Abstract
Background: Retinopathy of prematurity (ROP) is a disorder of the preterm newborn characterized by neurovascular disruption in the immature retina that may cause visual impairment and blindness. Objective: To develop a clinical screening tool for early postnatal prediction of ROP in preterm newborns based on risk information available within the first 48 h of postnatal life. Methods: Using data submitted to the Vermont Oxford Network (VON) between 1995 and 2015, we created logistic regression models based on infants born <28 completed weeks gestational age. We developed a model with 60% of the data and identified birth weight, gestational age, respiratory distress syndrome, non-Hispanic ethnicity, and multiple gestation as predictors of ROP. We tested the model in the remaining 40%, performed tenfold cross-validation, and tested the score in ELGAN study data. Results: Of the 1,052 newborns in the VON database, 627 recorded an ROP status. Forty percent had no ROP, 40% had mild ROP (stages 1 and 2), and 20% had severe ROP (stages 3-5). We created a weighted score to predict any ROP based on the multivariable regression model. A cutoff score of 5 had the best sensitivity (95%, 95% CI 93-97), while maintaining a strong positive predictive value (63%, 95% CI 57-68). When applied to the ELGAN data, sensitivity was lower (72%, 95% CI 69-75), but PPV was higher (80%, 95% CI 77-83). Conclusions: STEP-ROP is a promising screening tool. It is easy to calculate, does not rely on extensive postnatal data collection, and can be calculated early after birth. Early ROP screening may help physicians limit patient exposure to additional risk factors, and may be useful for risk stratification in clinical trials aimed at reducing ROP.
Introduction
Retinopathy of prematurity (ROP) is a disorder of the preterm newborn that can lead to visual impairment and blindness [1,2]. The retina and retinal vasculature develop during gestation, linking the extent of retinal immaturity to the extent of prematurity of the infant.

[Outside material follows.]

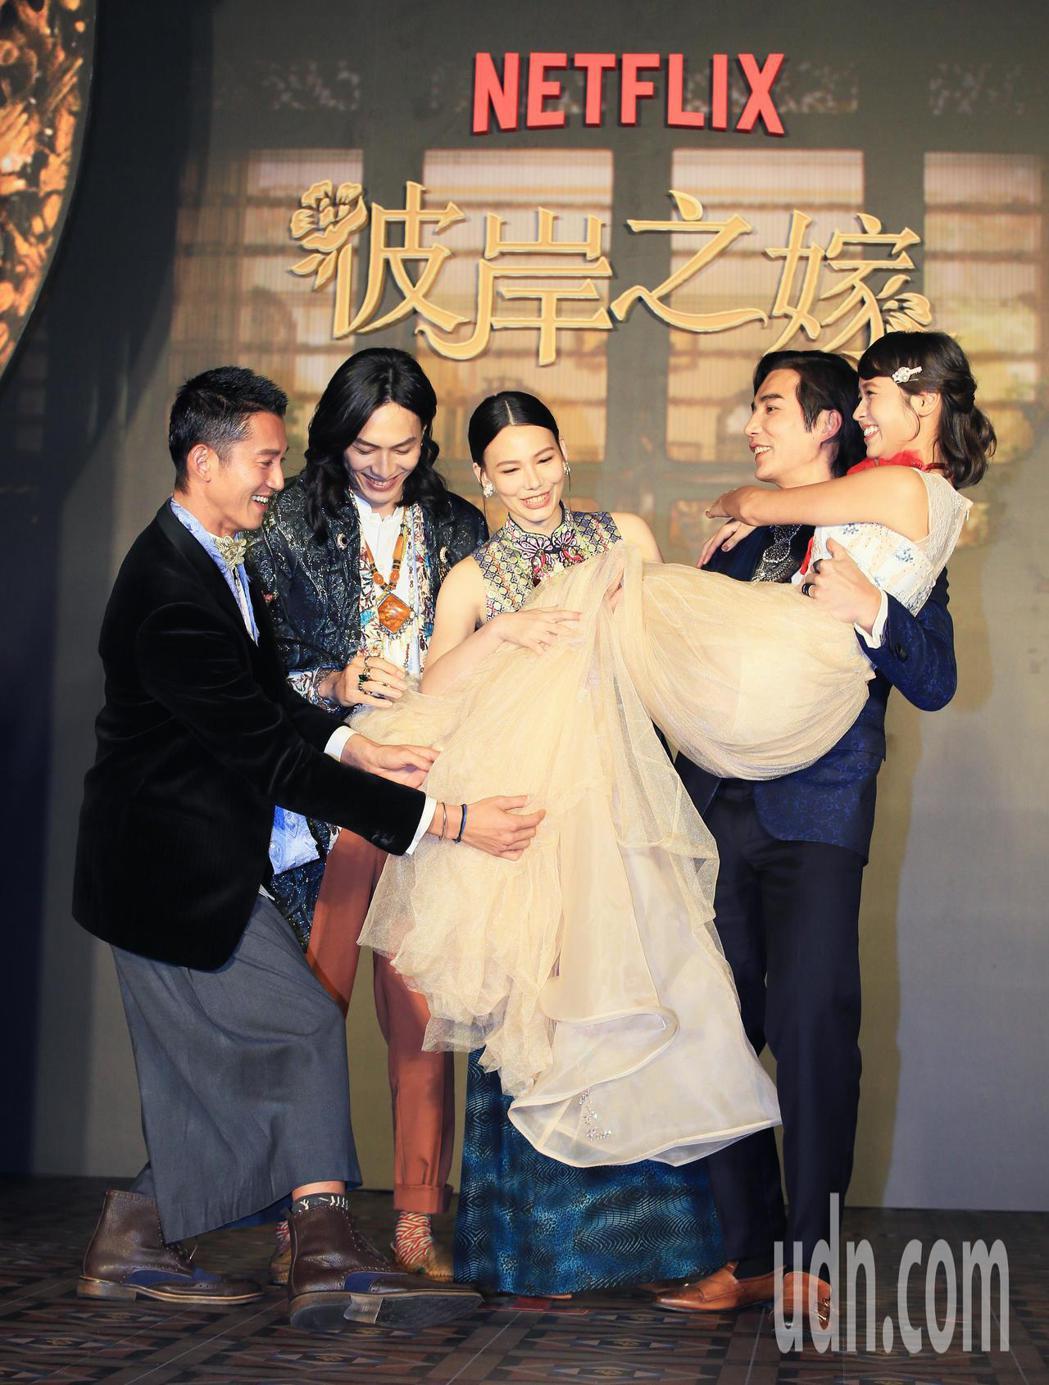 華語原創影集「彼岸之嫁」主要演員林路迪(右二)抱起黃姵嘉(右),田士廣(左二)、...

As a result, extremely preterm newborns are more susceptible to ROP than moderate to late term infants [1,3]. The pathogenesis of ROP involves 2 distinct postnatal phases and potentially a pre-phase involving stressors within the intrauterine environment [1,4]. Exposure to perinatal infection, inflammation, and oxidative stress may influence the postnatal retinal neovascularization process [5,6].
Prominent risk factors for ROP include low birth weight, low gestational age, and exposure to supplemental oxygen during the first few weeks after birth [7,8]. Other potential antenatal and postnatal risk factors include chorioamnionitis, pre-eclampsia, placental infection, sepsis, the presence of patent ductus arteriosis, the use of surfactant and transfusions, poor postnatal weight gain, and genetic factors [9,10,11].
The current screening process recommended by the American Academy of Pediatrics suggests at least 2 dilated fundus exams for all infants with a birth weight of less than 1,500 g or born before or at 30 weeks of gestation [3]. As onset and progression of ROP are related to post menstrual age (PMA), the recommended screening time for premature newborns is formulated to screen at 31 weeks' PMA. It is not recommended to examine preterm newborns for ROP before 31 weeks' PMA, as the lens and vitreous humor are not translucent before that age. Nonetheless, extremely preterm newborns (<25 weeks' gestation) should be considered for earlier screening for serious ROP due to the high likelihood of severe comorbidities. However, beginning screening at 31 weeks' PMA for a premature infant <28 weeks' gestation may be missing a critical opportunity to alter the infant's risk factors for ROP [1].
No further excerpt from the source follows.